Aim of the task:
The reply should reproduce every line of the data below word for word, minus any images.

Data below:

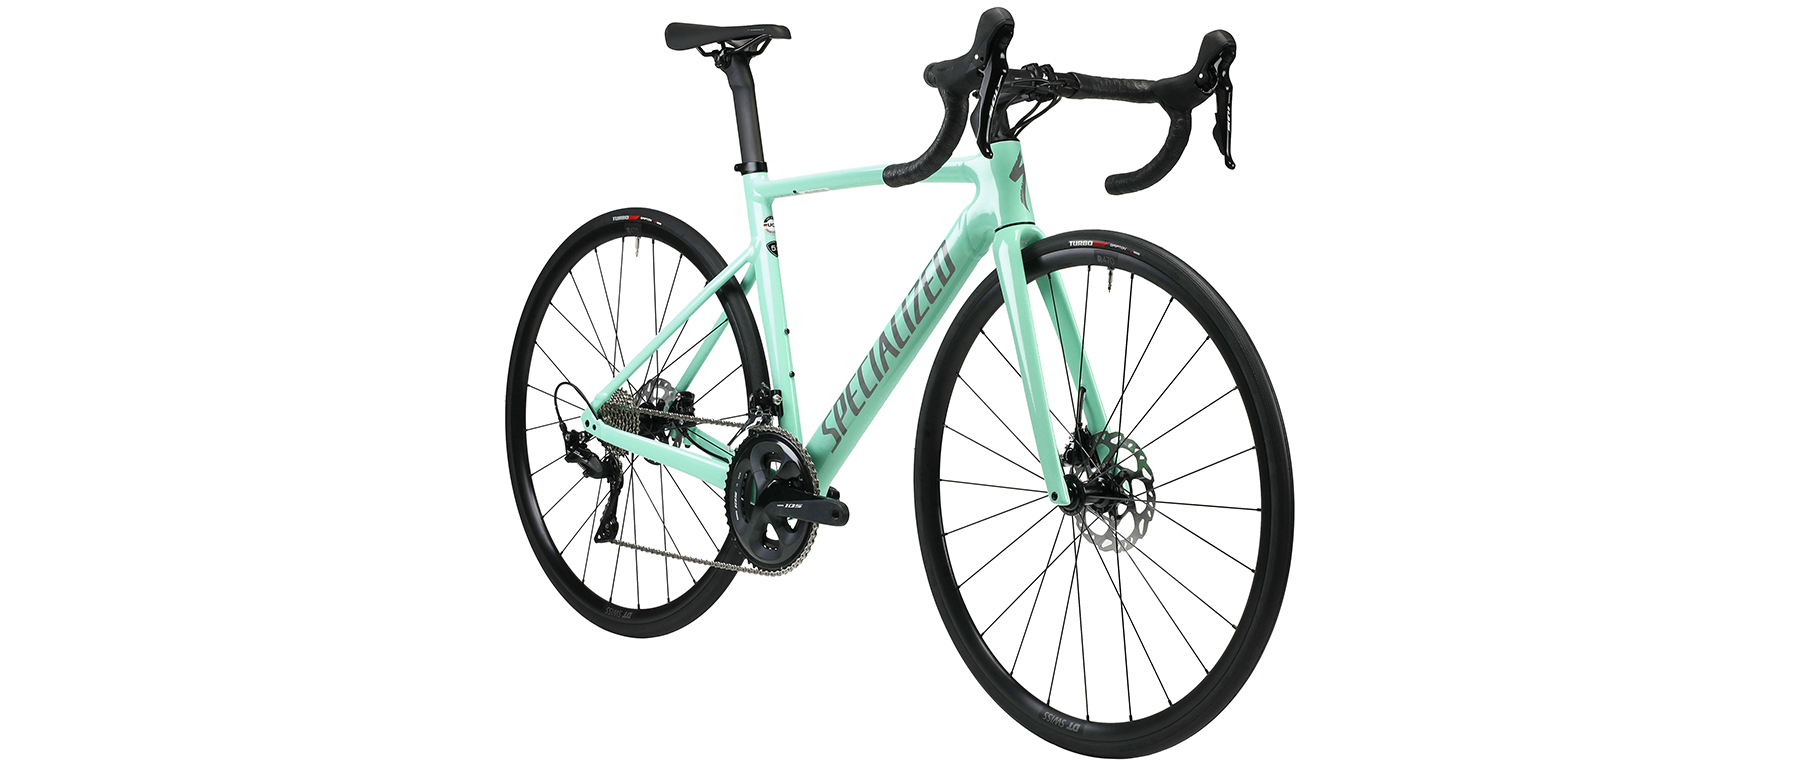 Specialized Allez Sprint Disc Comp Bicycle 2022
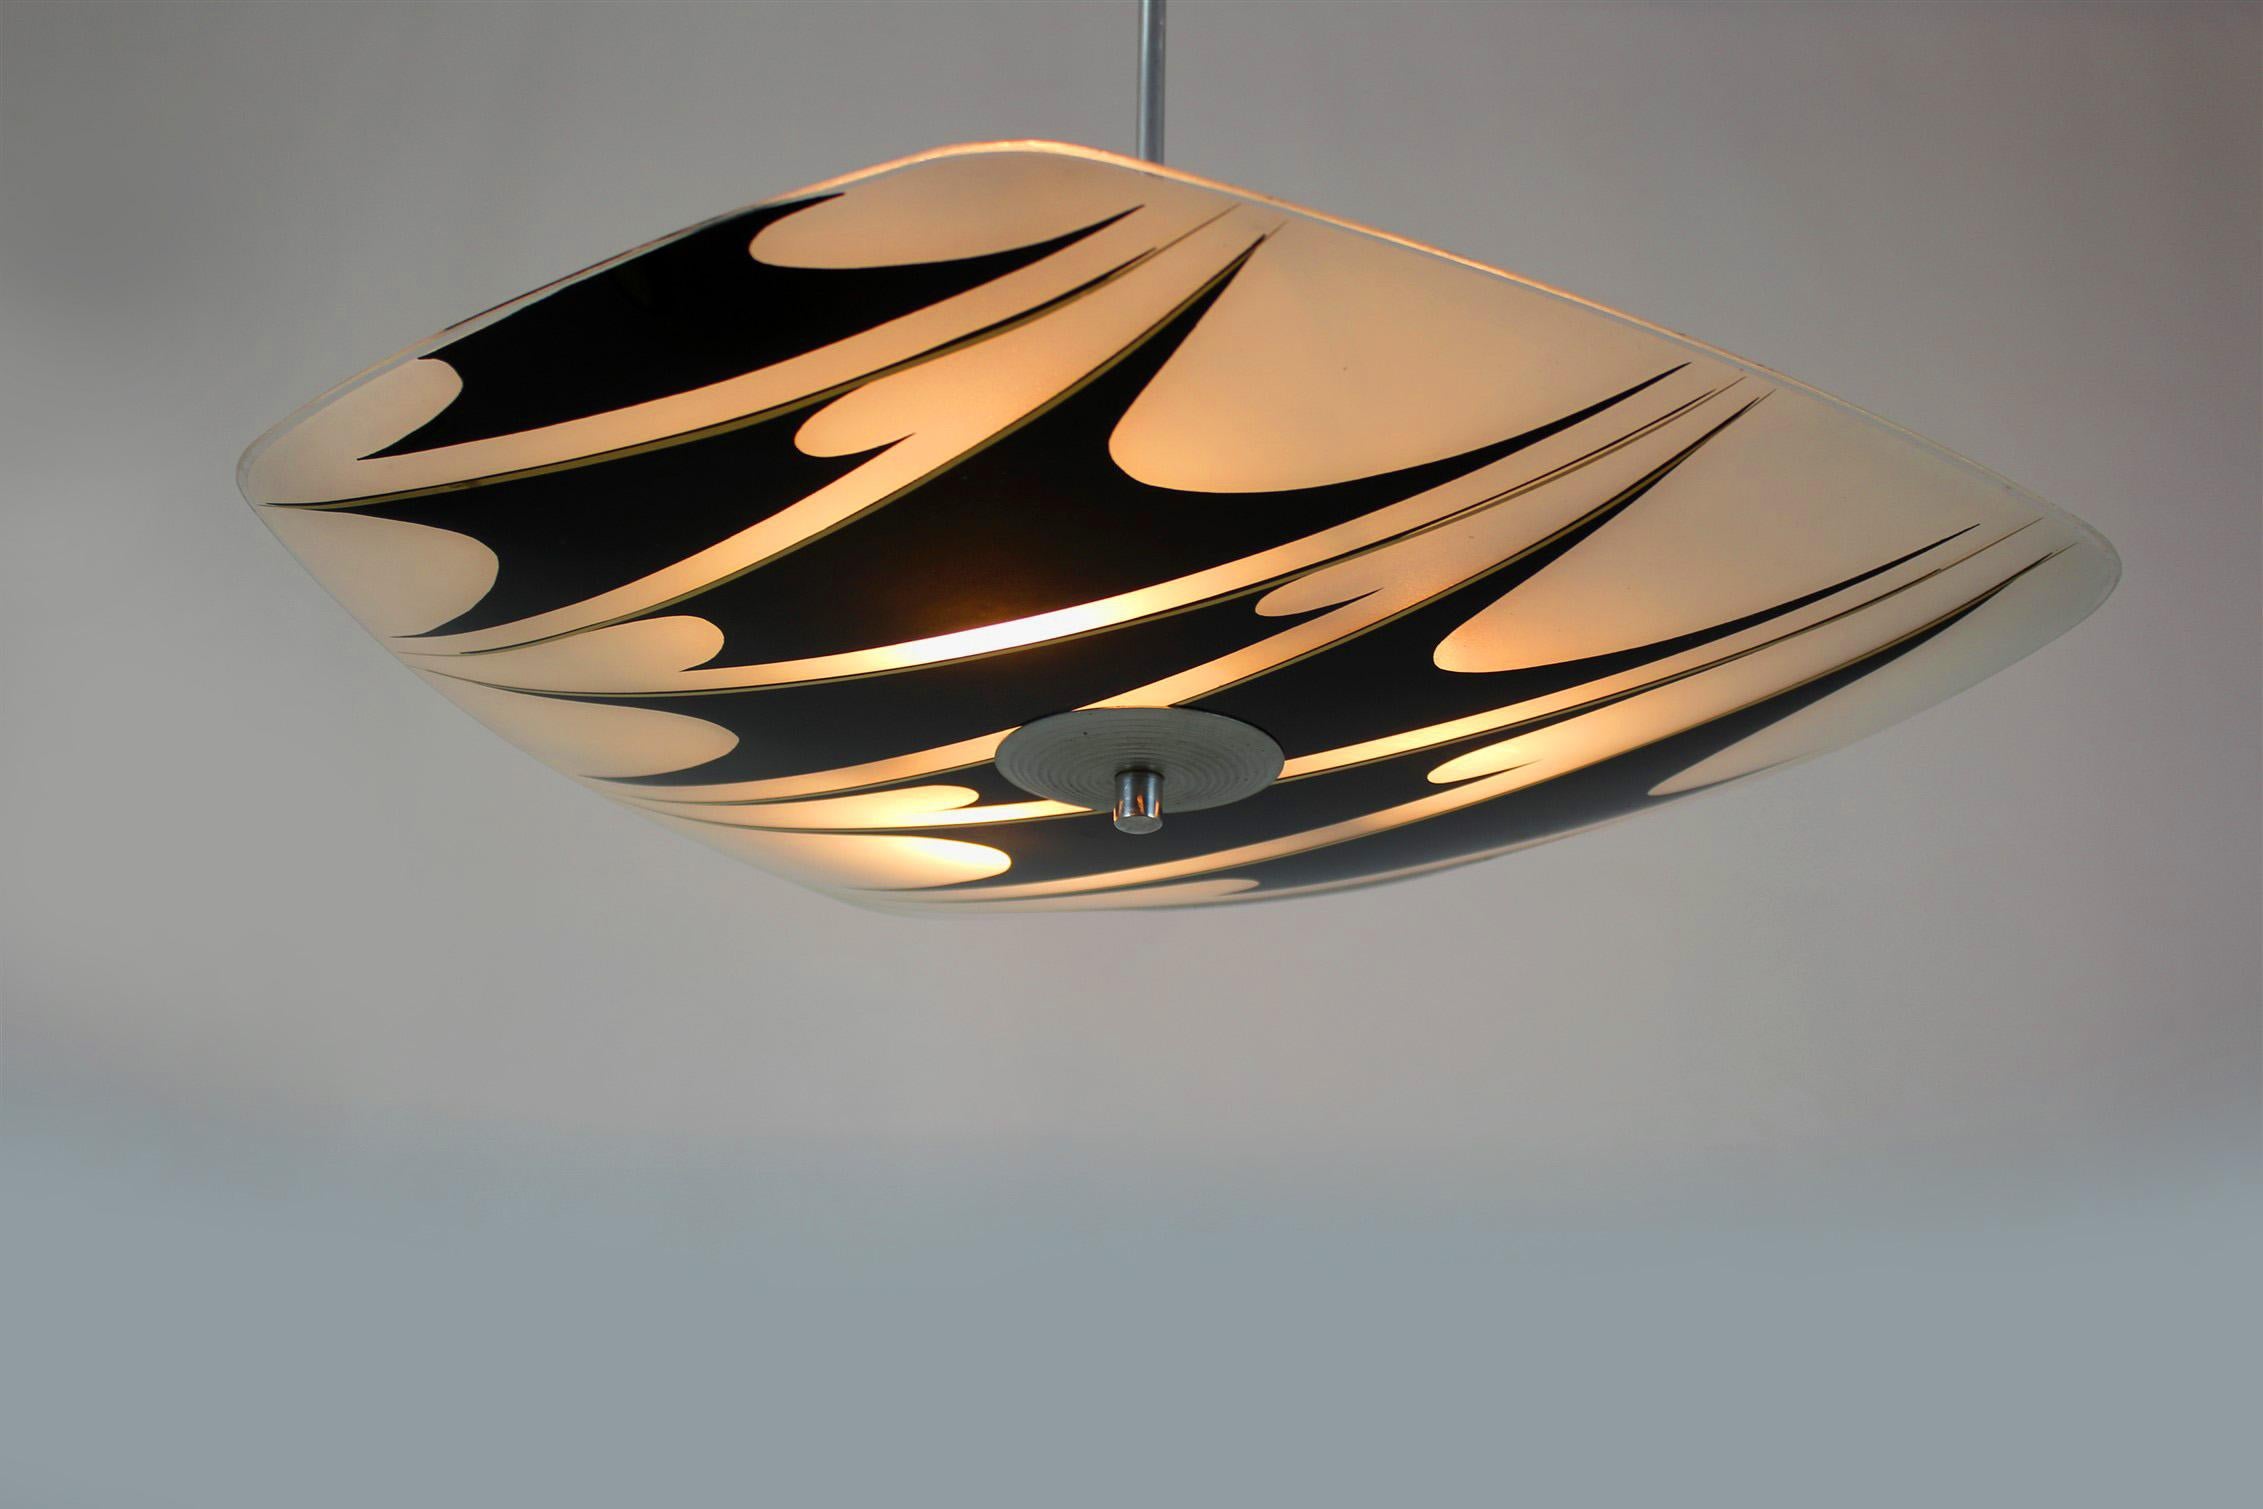 Czech Midcentury Patterned Ceiling Lamp from Napako, 1960s
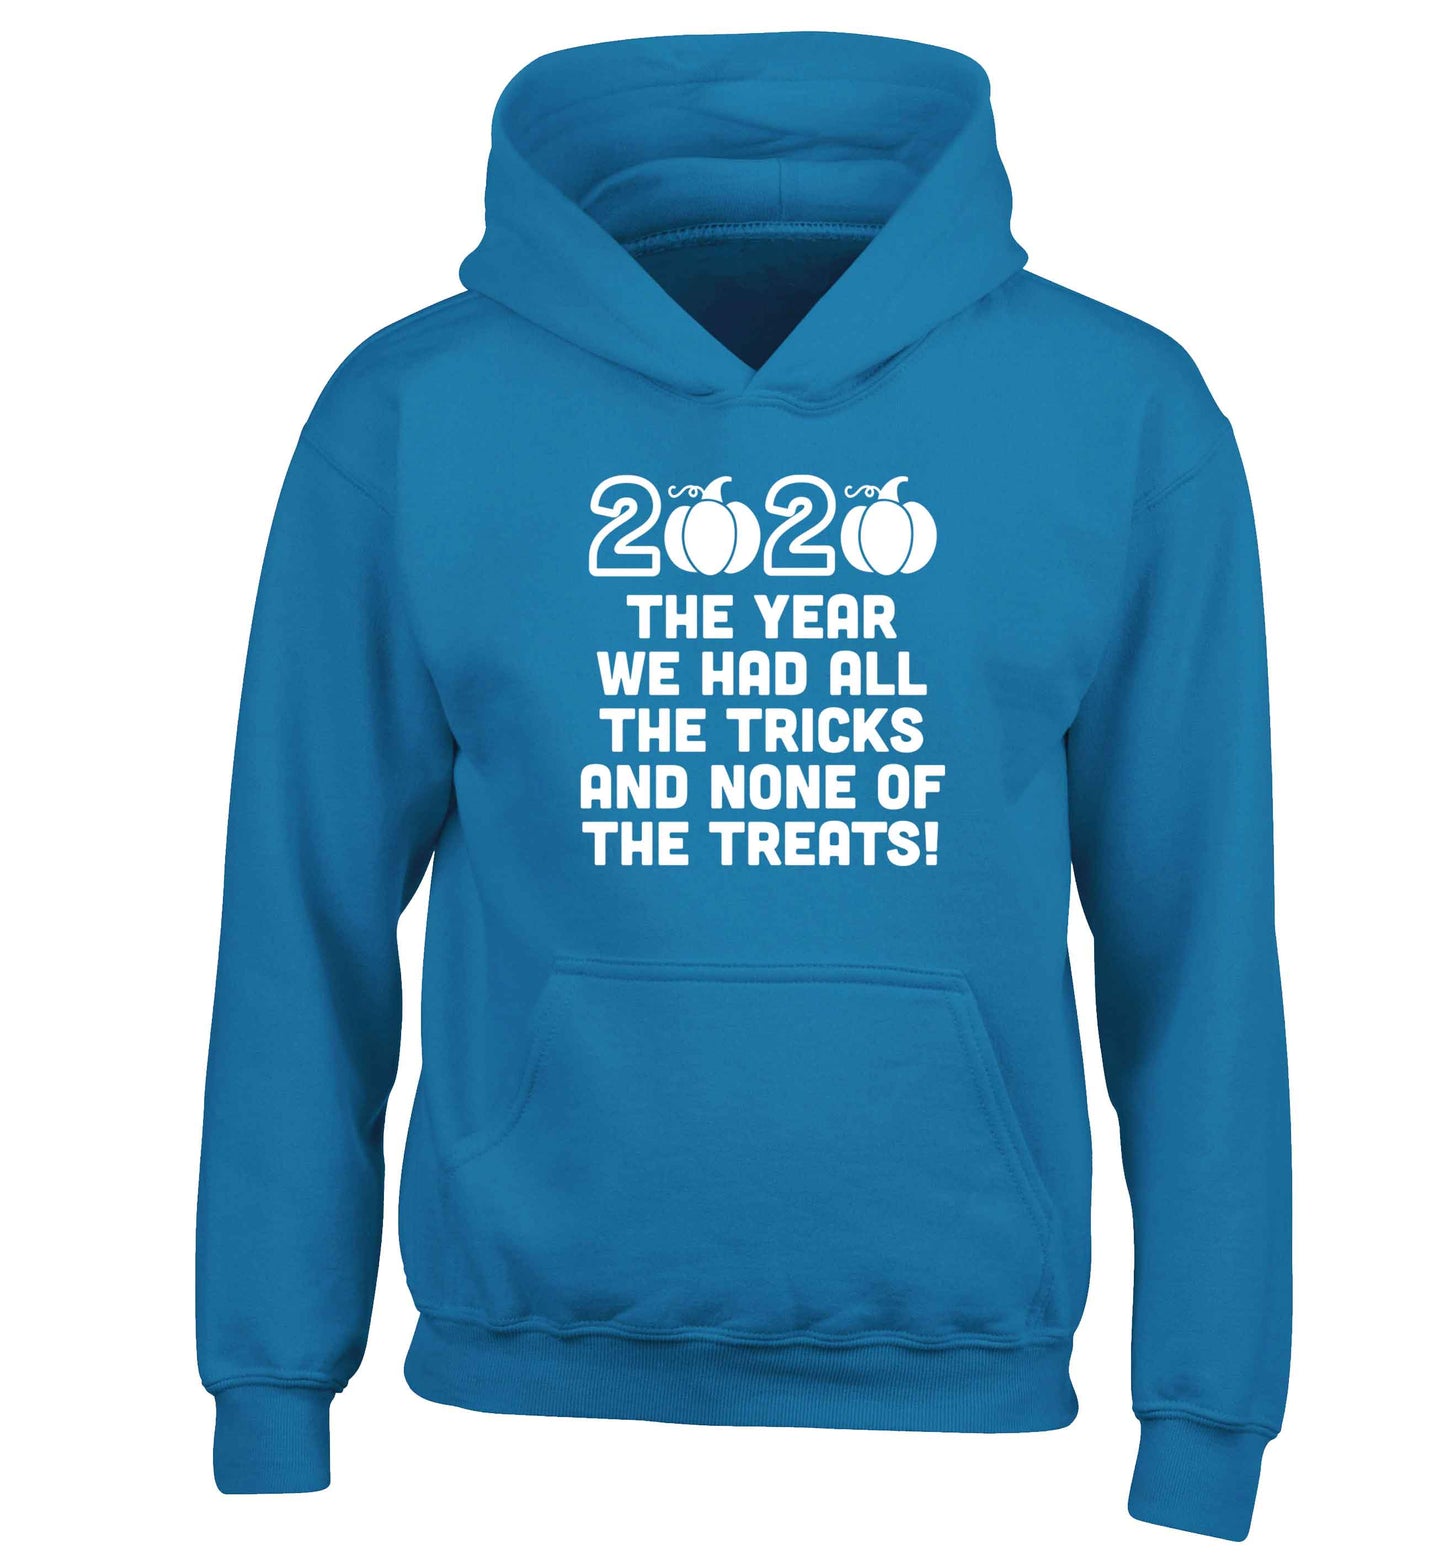 2020 The year we had all of the tricks and none of the treats children's blue hoodie 12-13 Years

Exercise result:
 Specialized Allez Sprint Disc Comp Bicycle 2022
 Czech Midcentury Patterned Ceiling Lamp from Napako, 1960s
 2020 The year we had all of the tricks and none of the treats children's blue hoodie 12-13 Years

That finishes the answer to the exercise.